Since Smarr suffers from Crohn’s disease, he has been working with Knight’s Center for Microbiome Innovation to advance research in this area. “Because of the exponential increase in the data on your daily changing gut microbiome,” noted Smarr, “it will be essential to develop new machine-learning approaches to bring the biomedically important facets to light.”

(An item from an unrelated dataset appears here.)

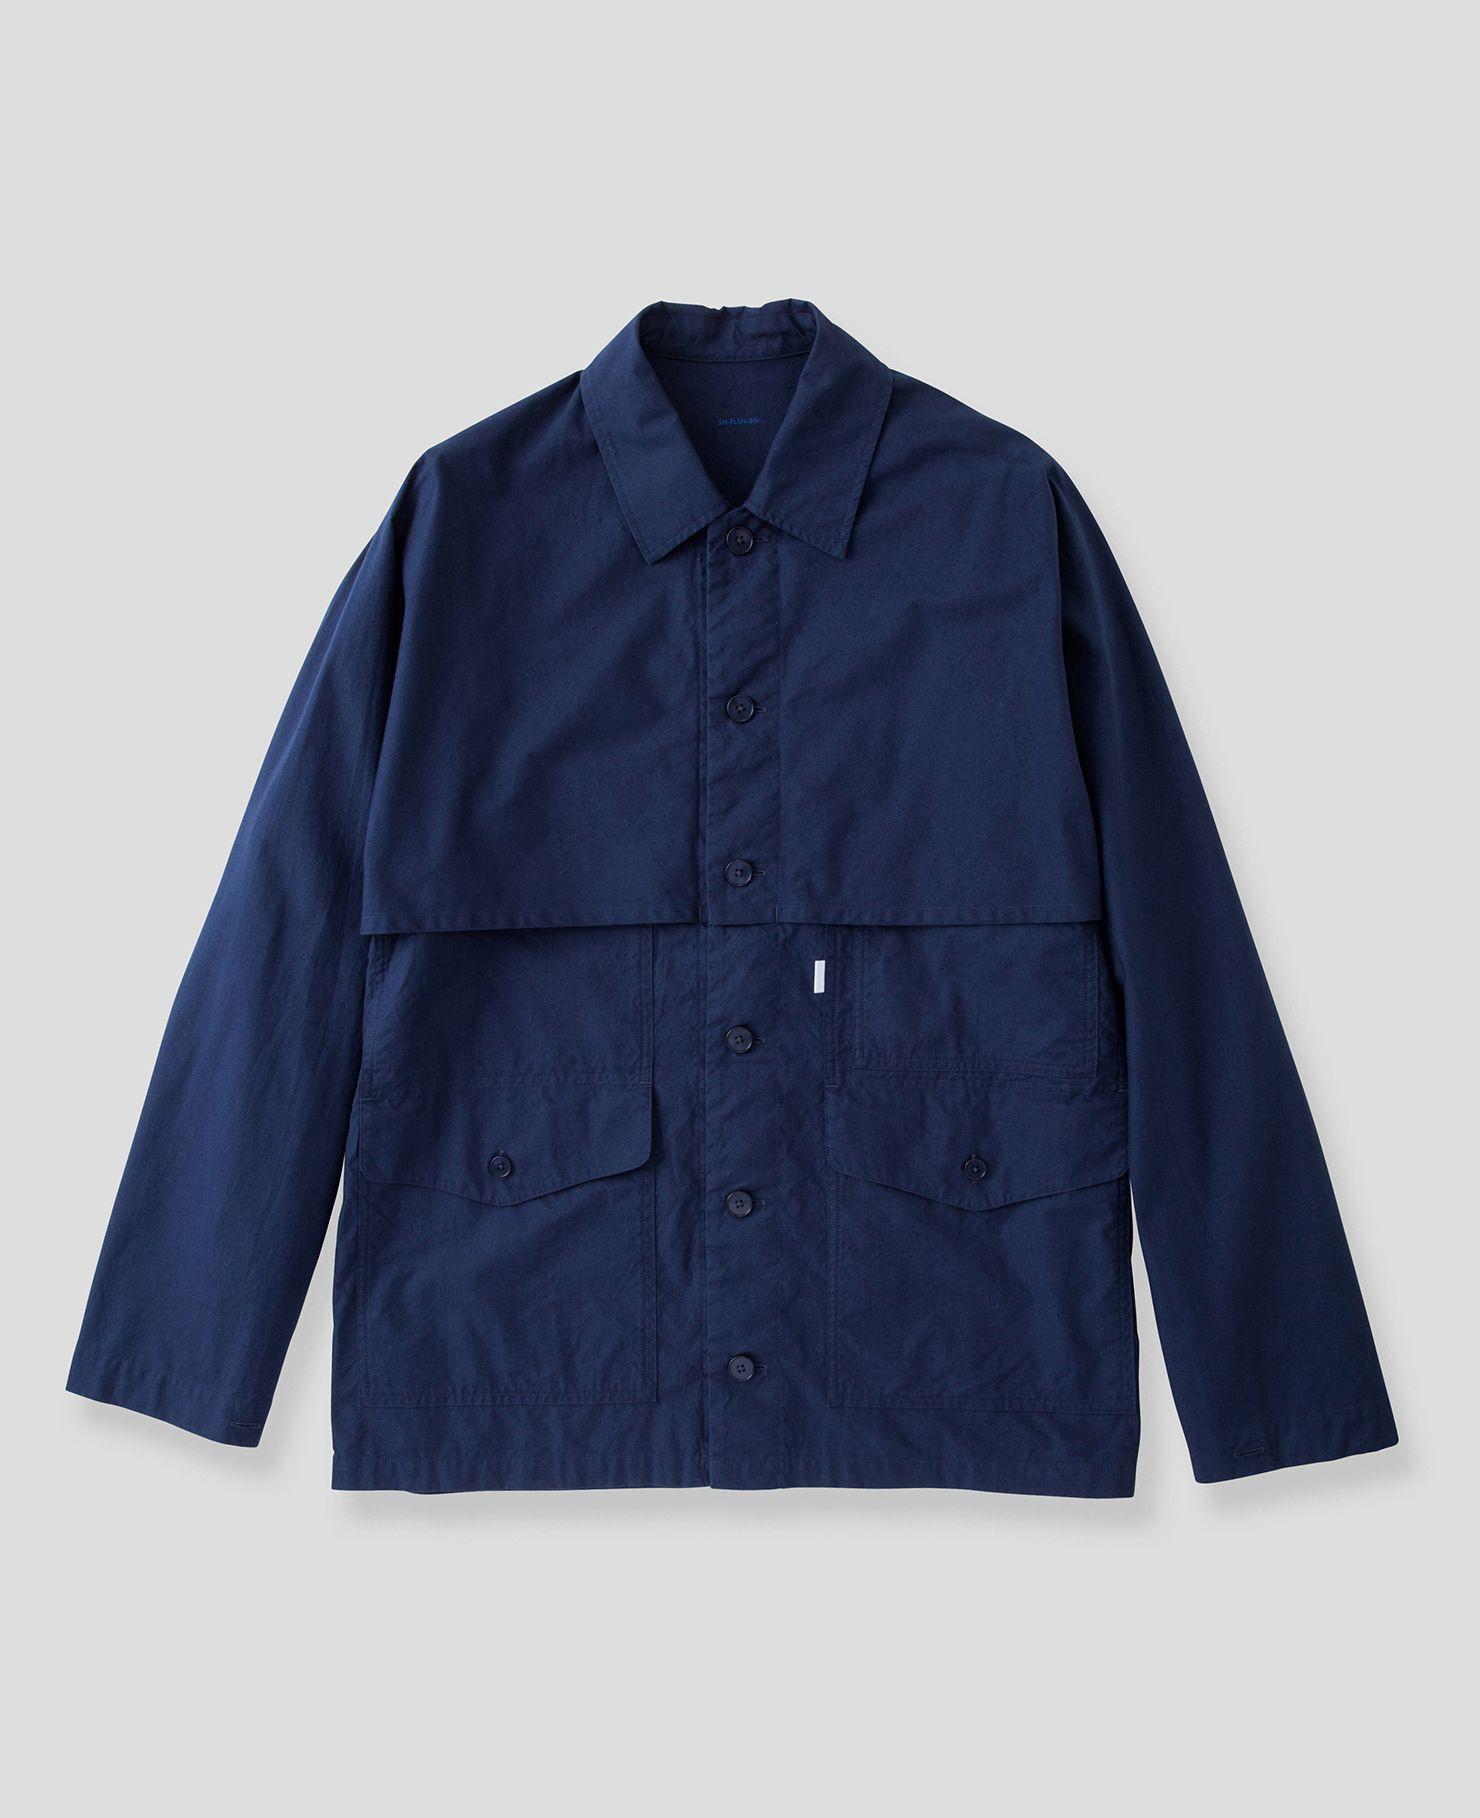 3c466c79f54 IHM-15 - Khaki Alpaca Lined Whipcord N1 Deck Half-Coat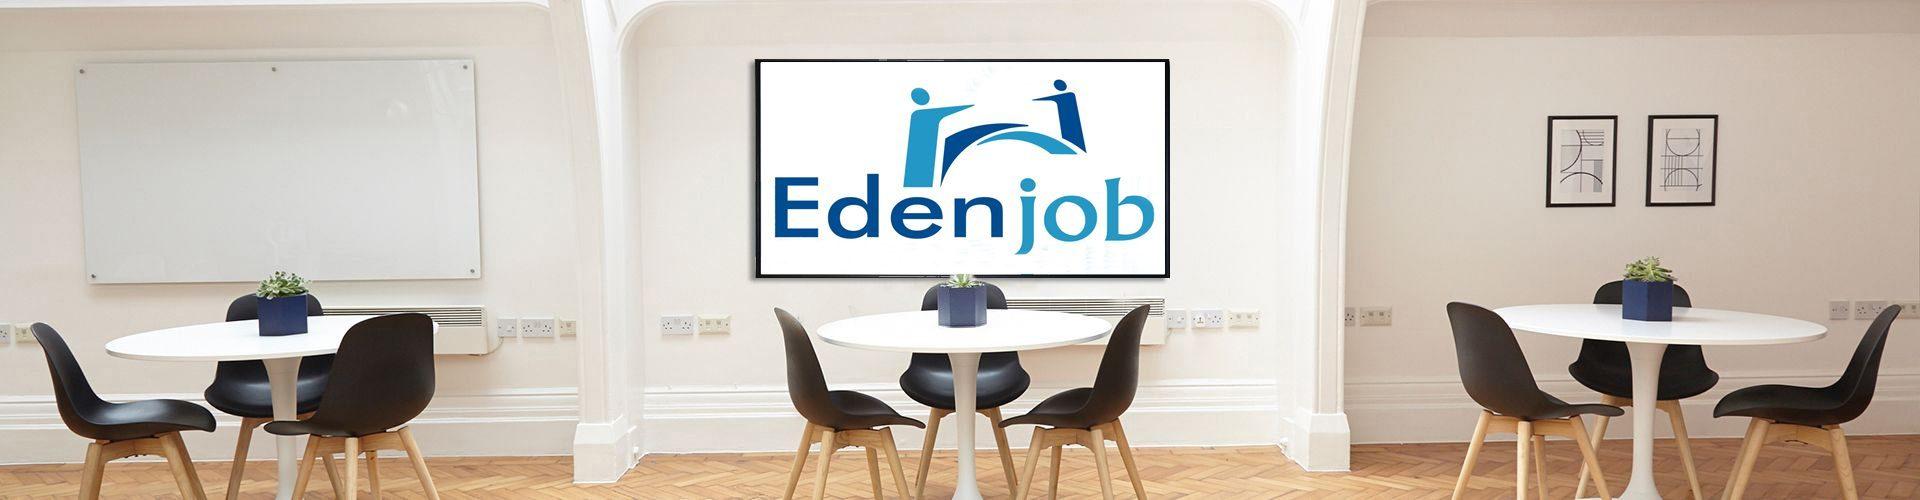 Eden Job

In the future, the researchers hope to expand their analysis, using SDSC’s Comet supercomputer, from 10,000 protein families to one million individual genes, each of which codes for a protein which can be expressed in the gut microbiome. “Scalable methods for quickly identifying such anomalies between health and disease states will be increasingly valuable for biological interpretation of sequence data,” they wrote in the paper, which they completed in eight intense days.
“We wanted a fast turn-around,” said Yazdani. “That’s really important, especially for clinical data.”